FormaK Coming Soon: Scikt-Learn Integration - Building

permalink

Overview

FormaK aims to combine symbolic modeling for fast, efficient system modelling with code generation to create performant code that is easy to use.

The values (in order) are:

  • Easy to use
  • Performant

The Five Key Elements the library provides to achieve this (see parent) are:

  1. Python Interface to define models
  2. Python implementation of the model and supporting tooling
  3. Integration to scikit-learn to leverage the model selection and parameter tuning functions
  4. C++ and Python to C++ interoperability for performance
  5. C++ interfaces to support a variety of model uses

This design provides the initial implementation of third of the Five Keys "Integration to scikit-learn to leverage the model selection and parameter tuning functions". Scikit-learn is a common library who's interface is replicated many places (e.g. dask-ml for scaling up machine learning tasks) that's a good place to start with for an easy to use library.

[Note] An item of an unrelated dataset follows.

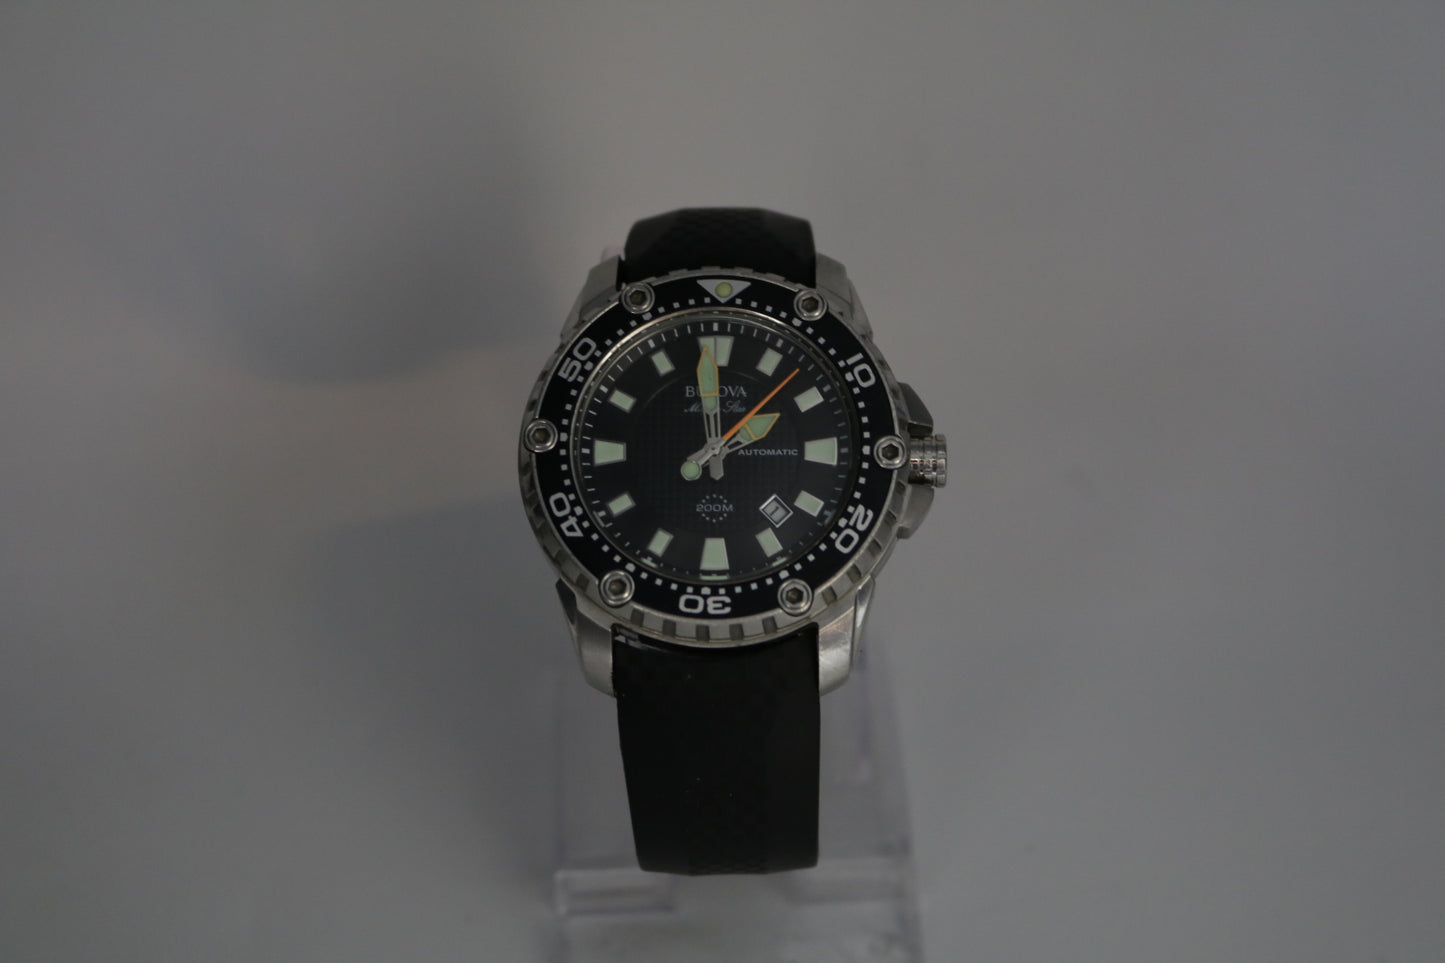 Bulova Marine Star 98b209 Automatic Watch

Why is scikit-learn and machine learning relevant? Conceptually, a detailed, physical model derived from first principles describes both one complex model, as well as a space of models derived via simplifications, enhancements or even disconnected approximations from the original model. Using data from the system we hope to describe, we can select the appropriate model from the space. This process is very analogous to a machine learning model, where we have one idea of how to approximate the system and want to select machine learning models (in a more algorithmic sense of the term models) and their parameters to best fit data.

The Dream

In the end, my hope is that the user can provide an arbitrarily complex description of the system as a model and provide data and auto-magically get a best fit approximation to their system. Providing a more complicated model provides more of a space for discovering improvements to the final system in the same way providing more data can improve the final system. The "auto-magic" doesn't come from anything magical; instead, it comes from accumulating knowledge and how to use it in one place where the final level (improved knowledge) can also improve the final system above and beyond that which could be achieved by the user alone. Scikit-learn makes some of this process easier, especially when it comes to comparing multiple candidate models.

What could this look like?

Scikit-learn offers helpful tooling for many things, including model selection, cross validation and building pipelines from estimators and transformers. By borrowing from scikit-learn's Pipeline documentation and Model Selection documentation we can build the code to compose a pipeline and validate the estimator:

from formak import py

from sklearn.decomposition import PCA
from sklearn.model_selection import train_test_split
from sklearn.pipeline import Pipeline

formak_model = py.Model(...)

estimators = [('reduce_dim', PCA()), ('formak model', formak_model)]
pipeline = Pipeline(estimators)

# ... load some data X, y...

X_train, X_test, y_train, y_test = train_test_split(X, y, test_size=0.4, random_state=0)

pipeline.fit(X_train, y_train)

pipeline.score(X_test, y_test)

This is just a small part of what scikit-learn has to offer. For example, scikit-learn has additional functionality for detecting outliers and other unsupervised learning capabilities that are direclty useful to FormaK.